Roosevelt also once said: “I don’t go so far as to think that the only good Indians are dead Indians, but I believe nine out of 10 are, and I shouldn’t like to inquire too closely into the case of the 10th.”

In 1905, something distinct happened to the Black celebration of Thanksgiving. James Weldon Johnson’s landmark song, “Lift Every Voice And Sing”—often called the “Black National Anthem”—helped to inspire more African-Americans to accept the Thanksgiving tradition as more of a spiritual response to their continued plight, and this song was heard universally in big and small Black churches on each holiday. And even though the tradition of going to church on Thanksgiving Day is not as commonplace as it once was—particularly after the mass migration of African-Americans to the North following World War I—the practice is still a cherished memory in the minds of many people.

Those candied yams

There is a particular association between the historical African-American Thanksgiving dinner and the Afro-Caribbean Diaspora.
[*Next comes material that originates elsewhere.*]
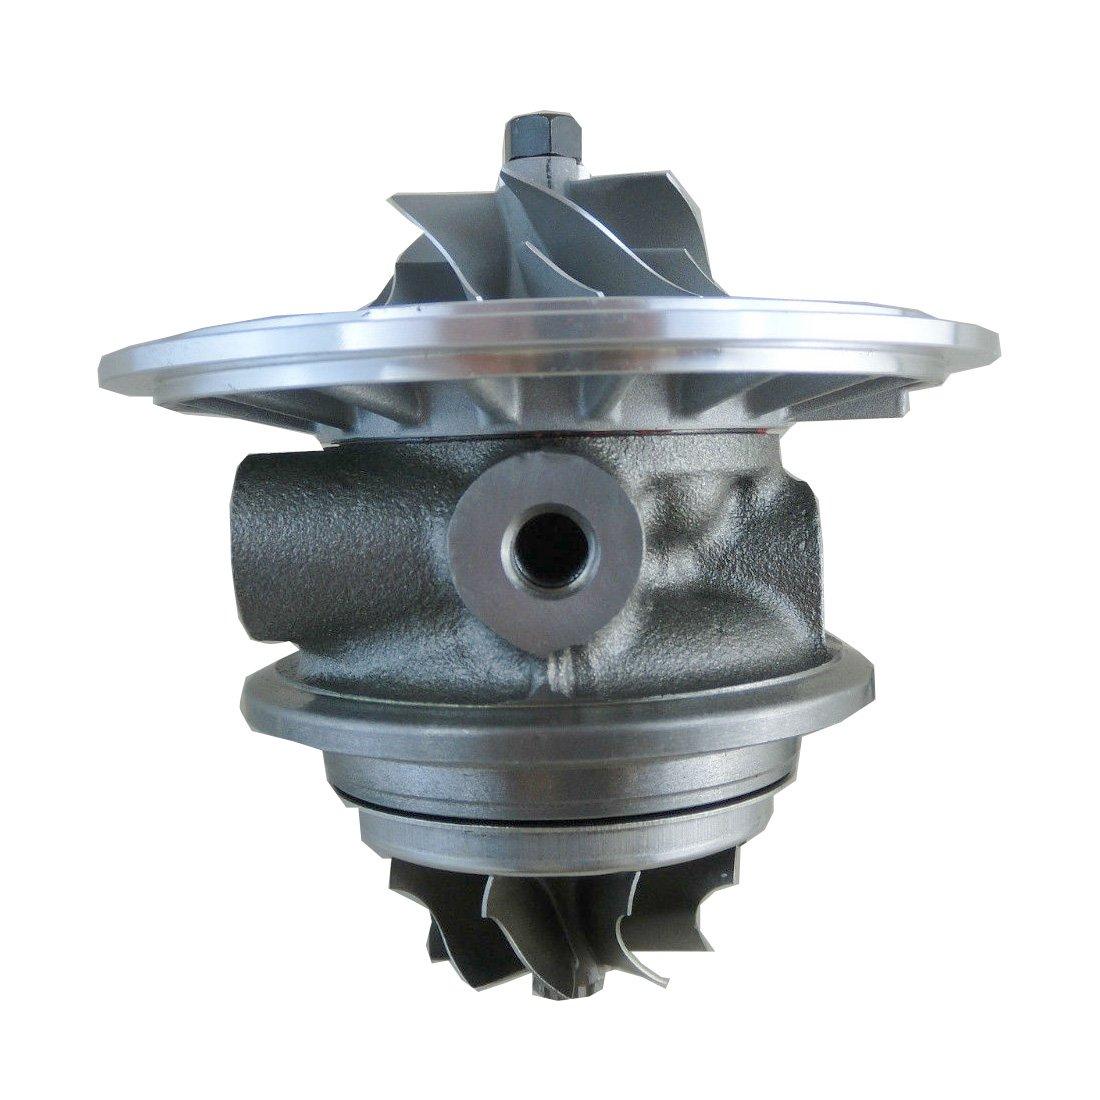 TKParts New Turbo Cartridge CHRA RHF5H VF40 14411-AA510 14411AA511 14411AA510 14411AA51A VA430083 For SUBARU Legacy-GT Outback-XT 05-09 2.5L

The word “yam” is from the West Atlantic languages of West Africa where the word “nyam” means “to eat.” The sweet cassava root and “yam,” “yami,” and other words refer to forms of what we call today—the tropical yam in its wild form. The sweet potato was brought from the Caribbean where it was grown by the Arawak and Carib peoples, and later by enslaved Africans brought there.

The sweet potato would cross the Atlantic early on via Spanish and Portuguese explorers who took it to West and Central Africa, often in exchange for slaves. Africans adopted the crop, appreciating its edible leaves and tubers. However, in the sugar-drenched Caribbean during the Thanksgiving period,  enslaved African men and women minding the sugar cane fields would boil a sugar substance through the night and would bring pots of sweet potatoes to the sugar house where they would pour the molten hot sugar water on top to cook it and…“Voila!”…candied yams were invented.